What’s happened to the Canberra Gallery? Nobody asked the obvious question at the PM’s presser
on Friday when he made his concessions to Petro Georgiou and his rebel
band: “Prime minister, is this giving into terror?” Yes, there would
have been a small explosion – but we all loved letting off penny
bangers where we shouldn’t when we were kids.

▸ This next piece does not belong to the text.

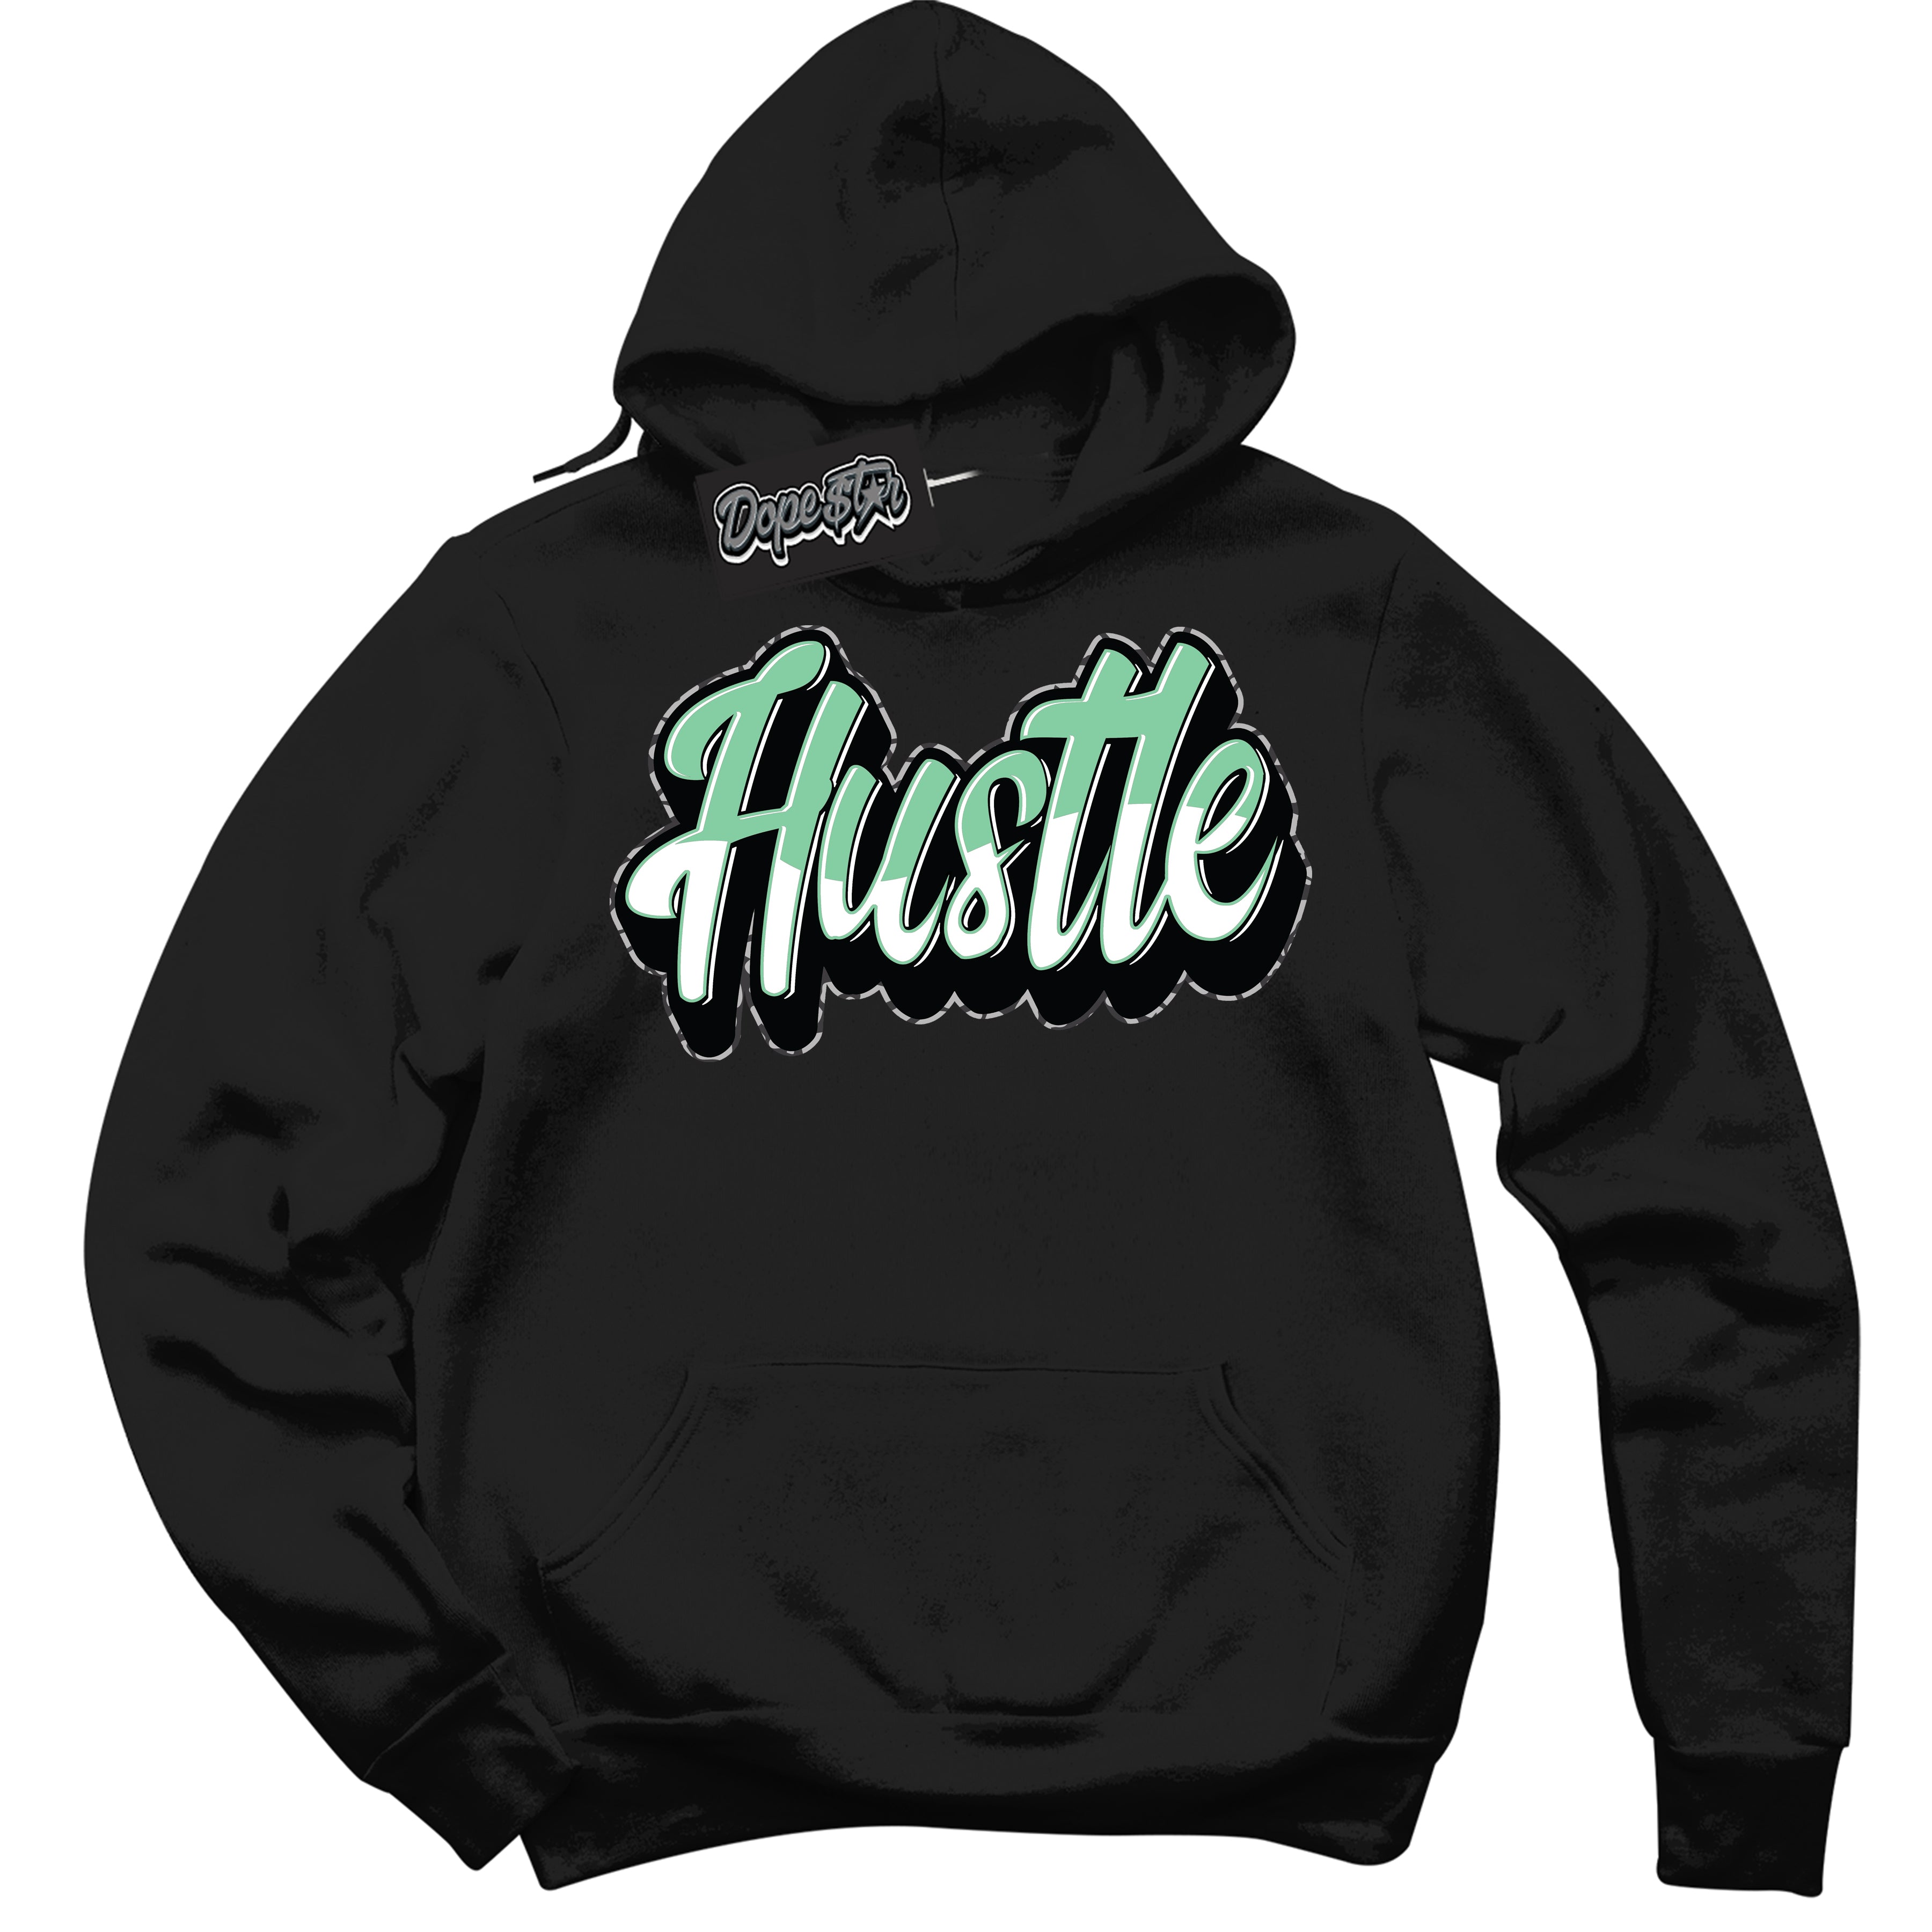 Cool Black Graphic DopeStar Hoodie with “ Hustle 2 “ print, that perfectly matches Green Glow 3S sneakers

Today, in the wake of The Sunday Age’s
revelations about what just might be in the Palmer Report, we should
probably be asking another question: “Prime minister, is this giving
into error?” There’s another question, too. What came first – the
concession or the draft report?
“‘Mindless zealotry’ prevails
within the Immigration Department, says the report of Mick Palmer, the
former Australian Federal Police commissioner heading the inquiry into
immigration detention,” The Sunday Age yarn opened. “And he was
forced to confront immigration minister Senator Amanda Vanstone when
department officials refused to fully cooperate with his investigation.”
It
says the report “is thought to have been handed to Prime Minister John
Howard on Friday.” Did he have no choice but to make concessions?
The final outcome of the negotiations is concerning in light of what the Sunday Age says Palmer contains.
On Friday, it appeared as if the prime minister acknowledged the central argument Georgiou laid out late in May:
For many years I have been concerned about difficulties
experienced by some refugees and asylum seekers, which result from
policies implemented at a time of widespread anxiety that we might be
engulfed by a flood of bogus asylum seekers. That fear has not been
realised. It’s time to review the policy framework established under
different circumstances and adopt a more compassionate, transparent and
accountable approach while maintaining the integrity of our immigration
and refugee system.
Even then, though, before the
Palmer comments seeped out, it looked like a bureaucratic solution to
problems created by bureaucrats with a minister unable to lead.
“There
is a lot of progress here, albeit with some bizarre aspects. Expanding
Vanstone’s power is certainly counter-intuitive after everything that’s
happened,” Michelle Grattan observed on Saturday.
Mike Seccombe’s wrap in Saturday’s Sydney Morning Herald may have been even more accurate than he knew:
The fact is, pragmatism – for which Howard has a deserved
reputation – dictates change as much as the idealism which motivates
the reformers. So does the politics of the situation. While the four
moderates behind the liberalising private member’s bills do not have
the numbers – even with the (not terribly principled) support of Labor
– to win on the floor of the Parliament, they do have at least partial
support from many colleagues…
More would have joined
them in the wake of Palmer. John Howard is noted for his
incrementalism. It has certainly served him well here.
PS: Meet the new modern man. “He’s slick, he’s stylish and he’s not afraid to show he cares! He’s the Petrosexual!